Etrebilal Aviv, quoted above, advance precisely that it is because of their guilt to be welcomed five Chicago and refuse what he described as their regenerative powers (current):

A huge work has been done to "rehabilitate" these companions in the eyes of the law and public opinion. But we refuse sharply to participate in this, and prefer to reaffirm that these companions were not innocent, and that is why we wish to salute their memory and "rehabilitate" our turn to celebrate their insurrectionary struggle.

Further, he wrote:

Obviously, this attempt insurgency was a technical failure, but what we learned from all this is that it is possible to try something, and it will be perfect over the attempts. As revolutionaries, this piece of history is directly in the book of our experience and a memory, rather than locking us into a distant folklore, should help us think this an existing that it remains to destroy [ 5 ].

I think, with the nuances made above, that the verdict was wrong and that historians have done their job. But I also think that there is considerable work to do to get the facts, especially in the United States where they occurred and where the link between these events and the May 1 are extraordinarily little known.

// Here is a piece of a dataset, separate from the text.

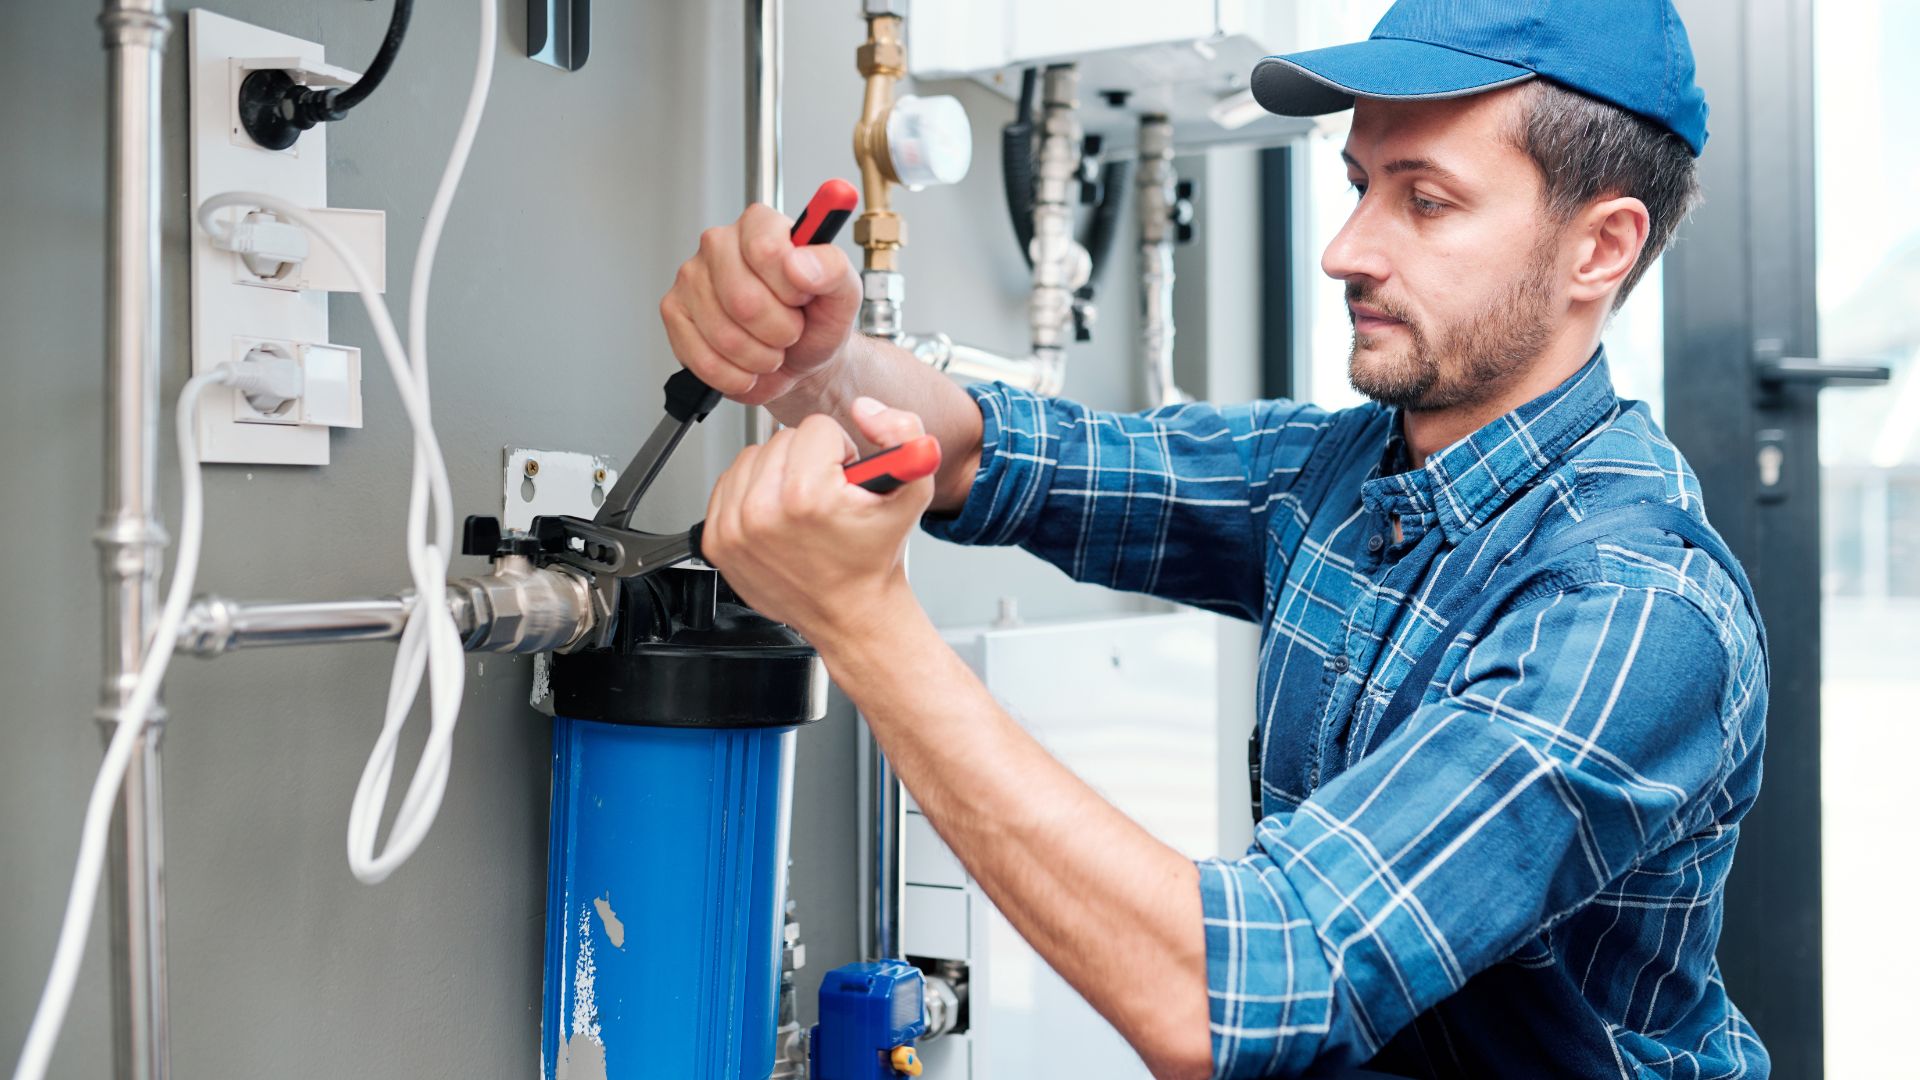 Savings on water softening systems, often requiring the skills of plumbers for installation.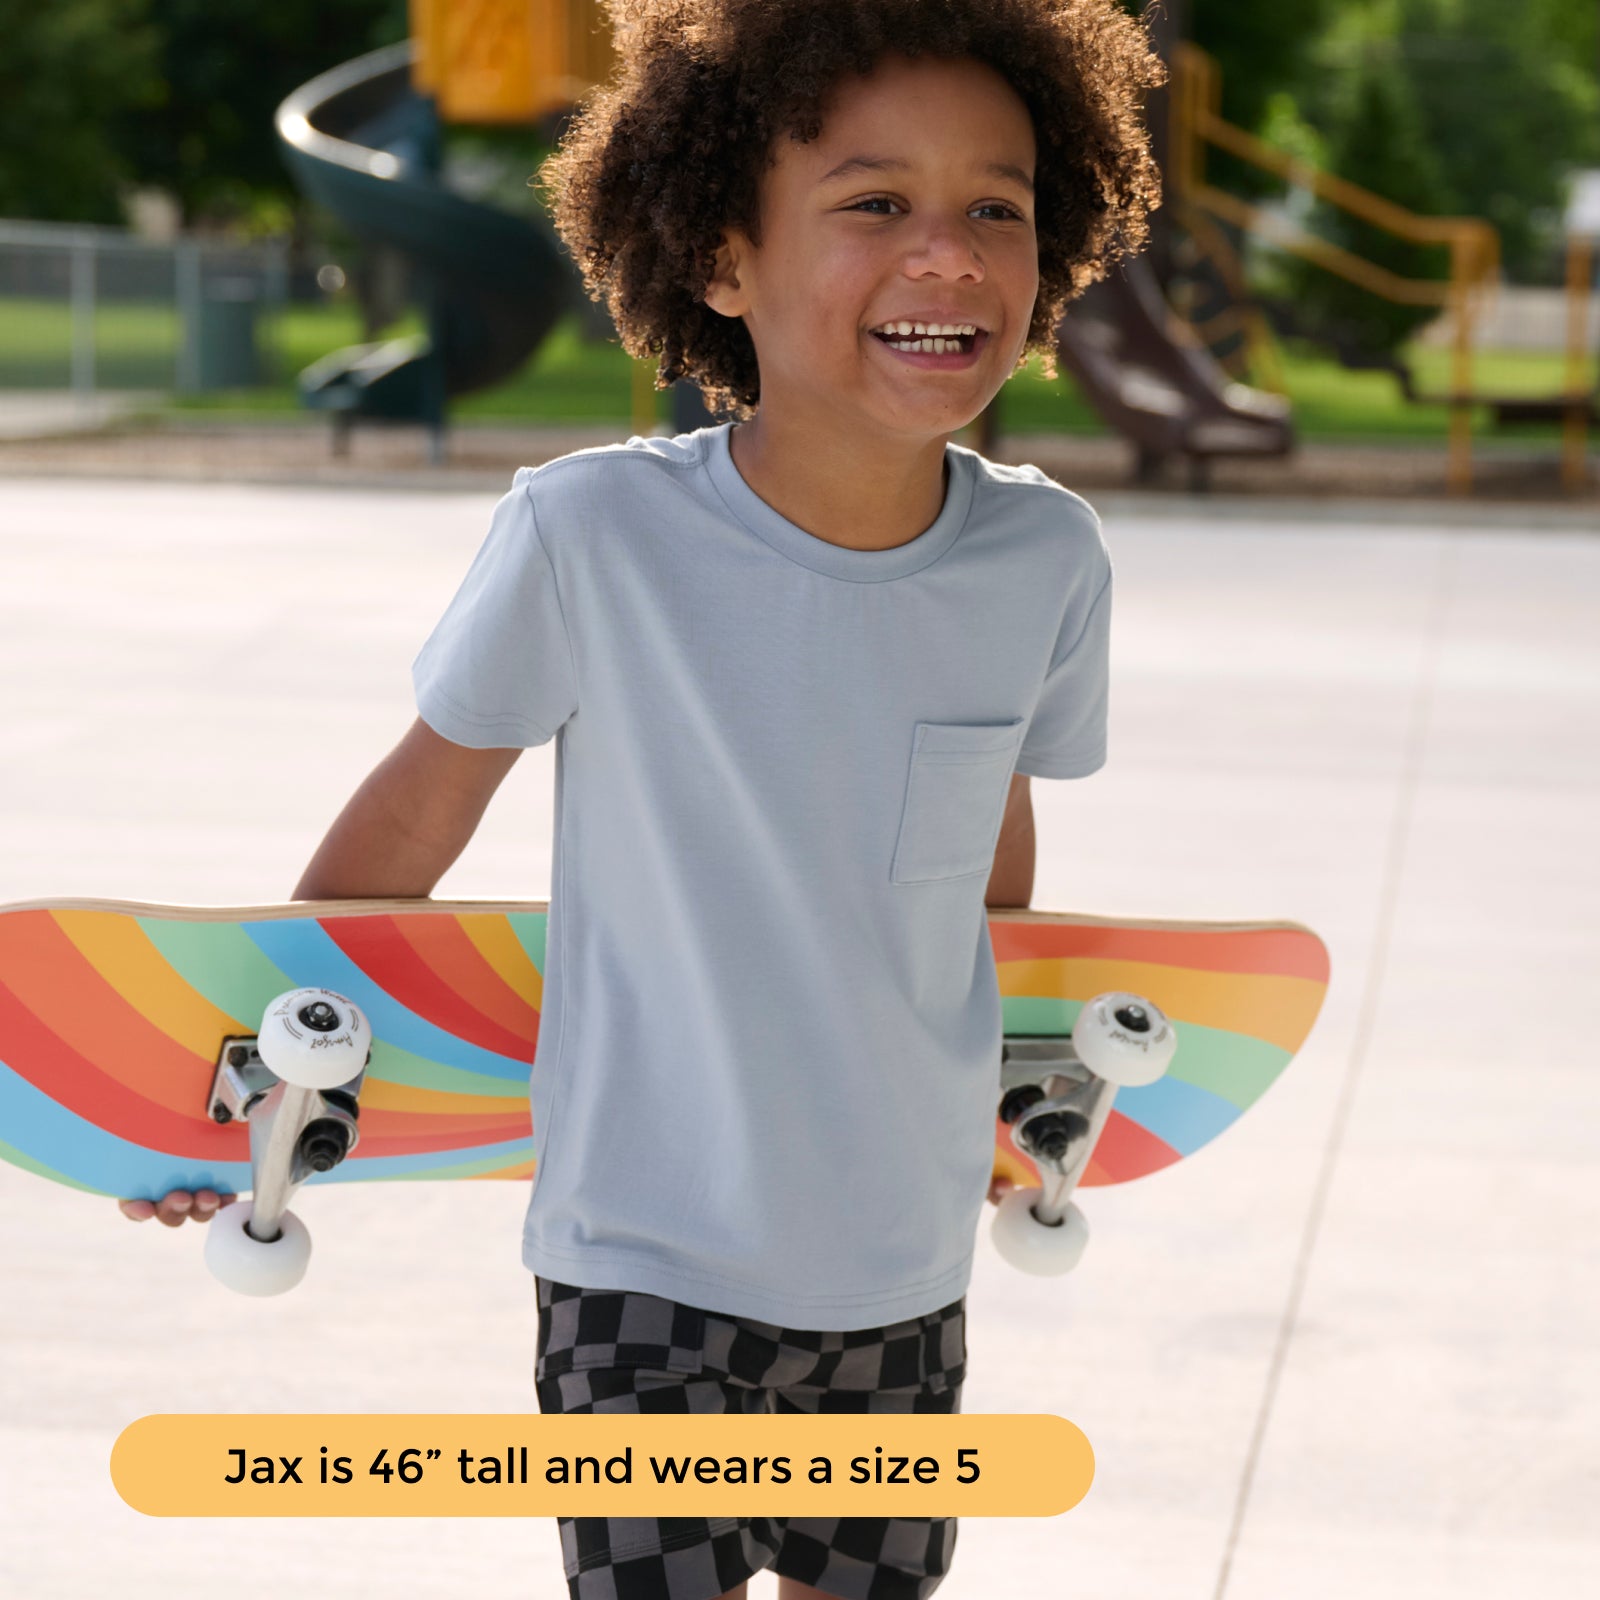 Boy holding skateboard and wearing the Fog Relaxed Short Sleeve Relaxed Pocket Tee and Monochrome Checker Shorts

There is an important educational work to do. And since ignore the past is often condemned to reproduce the worst legacies, this educational work should be an opportunity to recall shaped warned against the ease with which the powers are exploiting these situations invoke terrorism or the threat of terrorism to justify their actions, before a population is maintained in fear.

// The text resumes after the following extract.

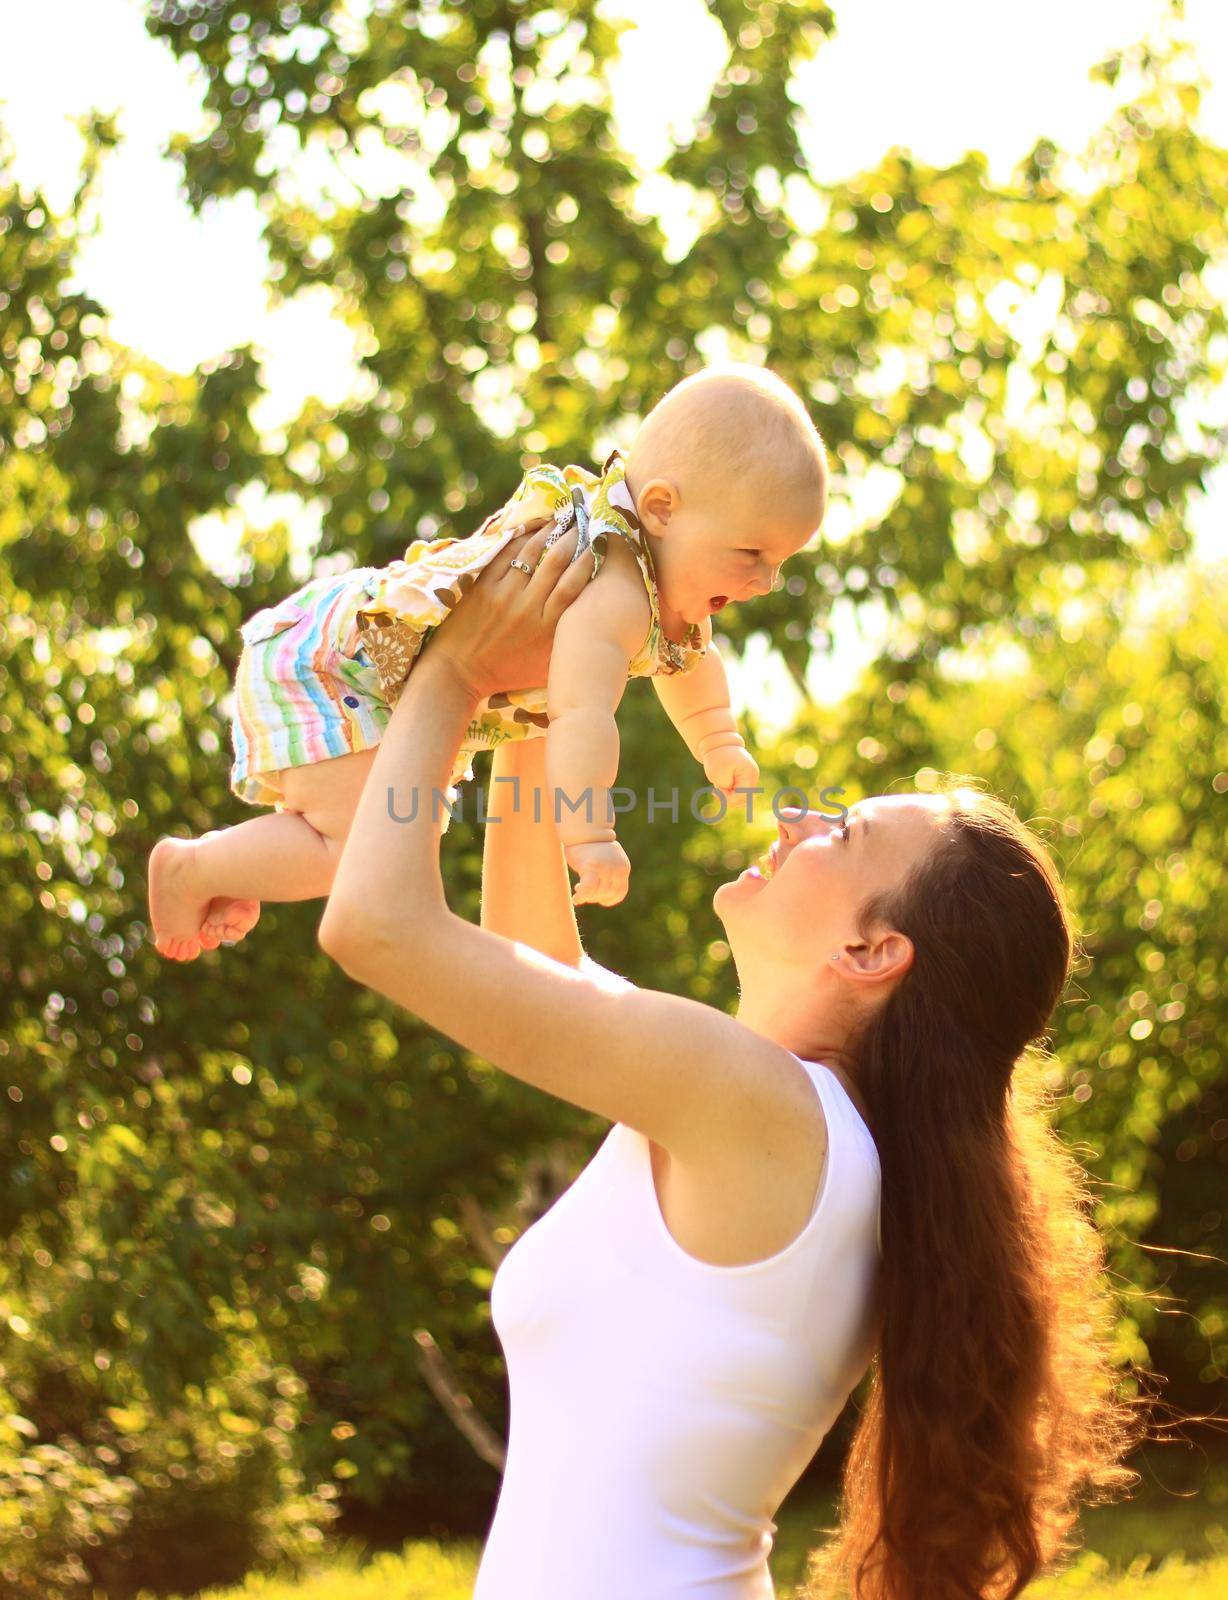 Beautiful Mother And Baby outdoors. Nature. Beauty Mum and her Child playing in Park together

Finally, I especially think this duty of memory should be an opportunity to remember the ideals for which these people have fought. Voltairine so aptly said I'll just quote it:

That's telling people that the only way out of poverty was to first learn what their rights on this land [that these five men were killed]. What they represented was a very high and noble ideal of the human race, and that it why they were hanged was to have preached to the common people - the common people who were also willing to hang in their ignorance, the court and prosecutors were in their malice! [...] These were men who had a more enlightened vision of human rights that most of their peers and who, moved by profound social sympathy, wished to share their vision with their peers by proclaiming in public [ 6 ].

This is what activism and ideals that I hold the greatest and most inspiring lesson of Haymarket Square.

Normand Baillargeon

Normand Baillargeon is an essayist and Quebec anarchist.
[ 1 ] Aviv Etrebilal, the five martyrs of Chicago: innocent or guilty?

[ 2 ] I am here my presentation of events in the order less power , Agone and Lux, many reissues. I also highly recommend, for his extraordinary iconography and collection of texts, Franklin Rosemont and David Roediger, Haymarket Scrapbook , Charles H. Kerr Publishing Co and AK Press, Oakland and Chicago, 2012

[ 3 ] Timothy Messer-Kruse, The Haymarket Conspiracy: Transatlantic Anarchist Network , University of Illinois Press, Champaign, 2012

[ 4 ] Henry David, The History of the Haymarket Affair , Russel and Russel, New York, 1936, p. 541

[ 5 ] It is interesting to read about this article by Eve Darian-Smith telling his stupor to discover the extent of the ignorance of his university students the facts of May 1st and history Haymarket. See: "Precedents of Injustice: Thinking about History in Law", Politics and Society, vol 41, 2008, pp. 61-81

[ 6 ] Voltairine, "November 11, 1887", in D'hope and reason , Lux, Montreal, 2008.